Aggregate limit of deduction under Section 80CCE - It is important to note that the aggregate limit of deduction available under Section 80C, Section 80CCC and Section 80CCD (1) is ₹1.5 lakhs. However, the deduction under Section 80CCD(1B) of ₹50,000 is over and above the said aggregate deduction limit.

Click here for further information on Section 80C.

 

  • Section 80D

    Section 80D provides deduction for individuals and HUFs on the premium paid for the health insurance plan for self, spouse, dependent children, and parents.

    In addition, the benefits apply to the top-up health plans, health riders in respect of life insurance plans and expenses incurred towards preventive health check-ups.

    Furthermore, it applies to medical expenditure on senior citizens (person with age of 60 years and above) not covered in a health insurance plan.  
     

    Deduction limit under Section 80D - According to Section 80D, the maximum limit for deduction is ₹25,000 for persons less than 60 years of age and ₹50,000 for senior citizens. Further, the mode of payment shall not be cash. 

    In the case of separate policies for self+family and parents, the taxpayer can claim both benefits as per the above-mentioned limits.

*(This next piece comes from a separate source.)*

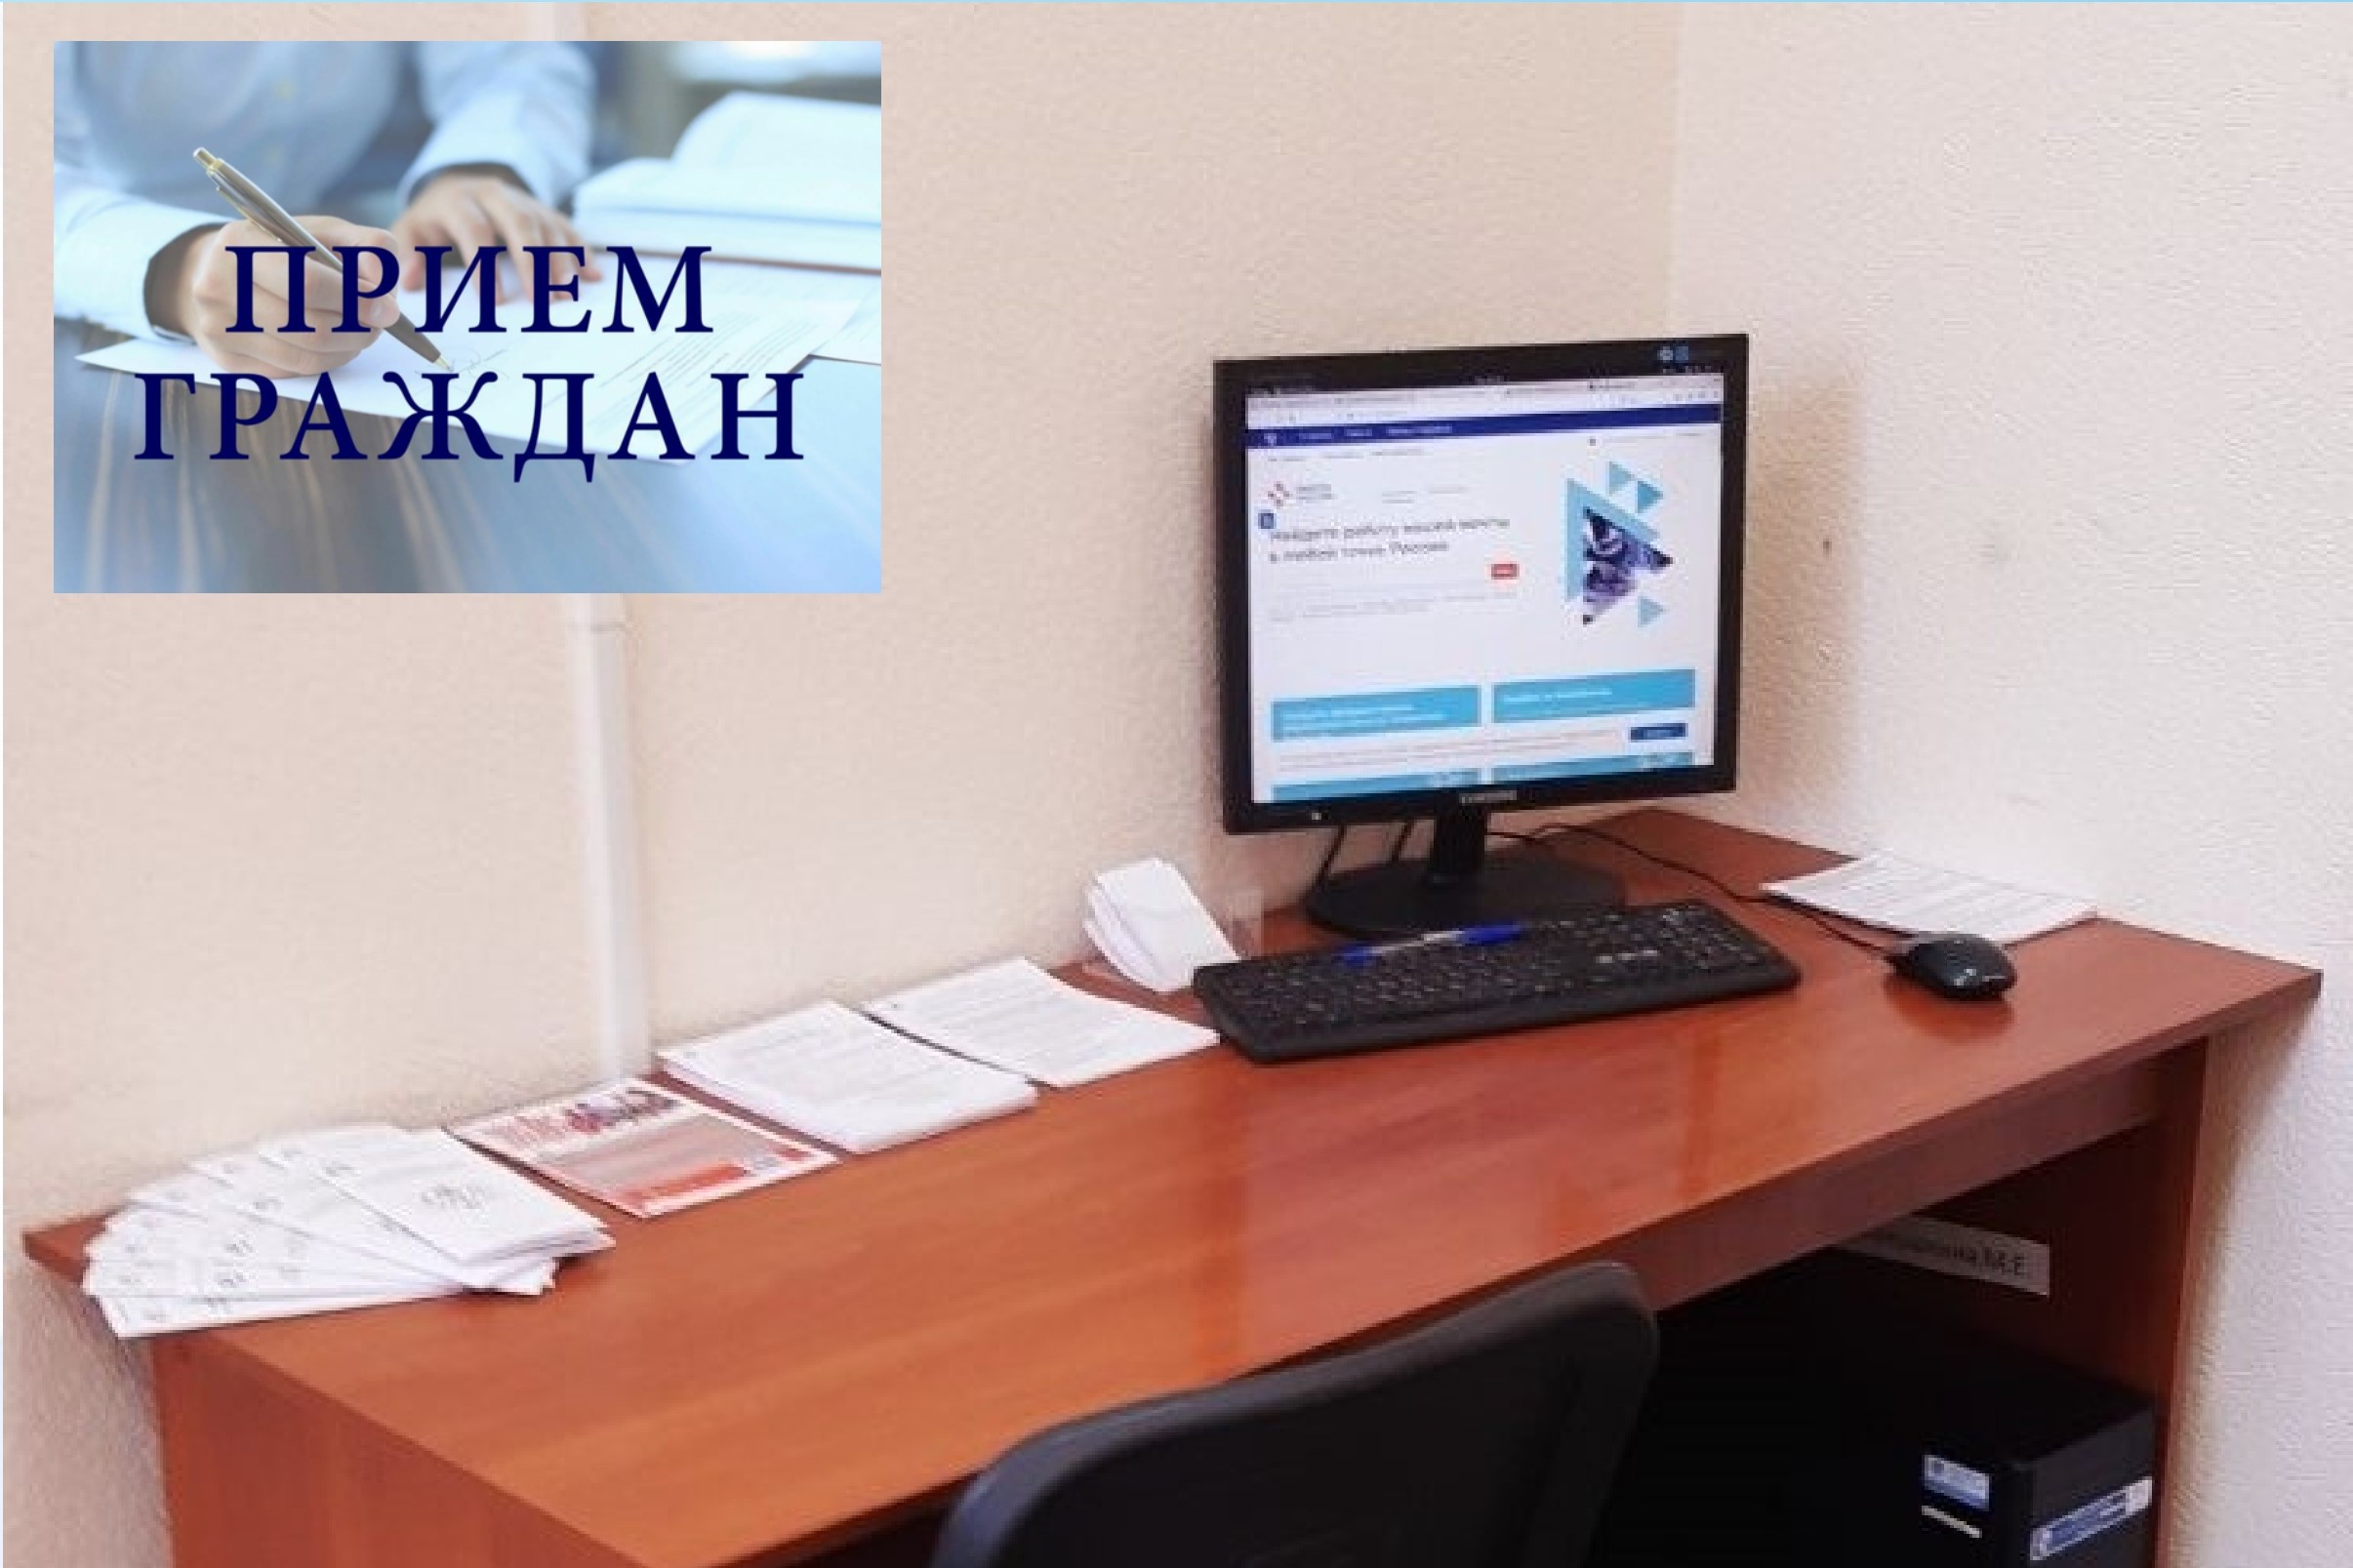 Архангельское отделение занятости организует выездной приём для граждан с инвалидностью

    Section 80D also provides deduction of up to ₹5000 for preventive health check-ups for self, spouse, dependent children, and parents and can be paid in cash. However, it is allowed within the stated limit of ₹25,000 and ₹50,000.

    For further information, refer to
    Section 80D.

 

 

Section 80DD
 

Section 80DD provides a deduction to a resident individual or HUF for the expenditure incurred towards medical treatment, training and rehabilitation of a dependent relative who is handicapped. It also applies to the deposit or payment made to a specified scheme (including schemes of life insurance companies) for the handicapped dependent relative.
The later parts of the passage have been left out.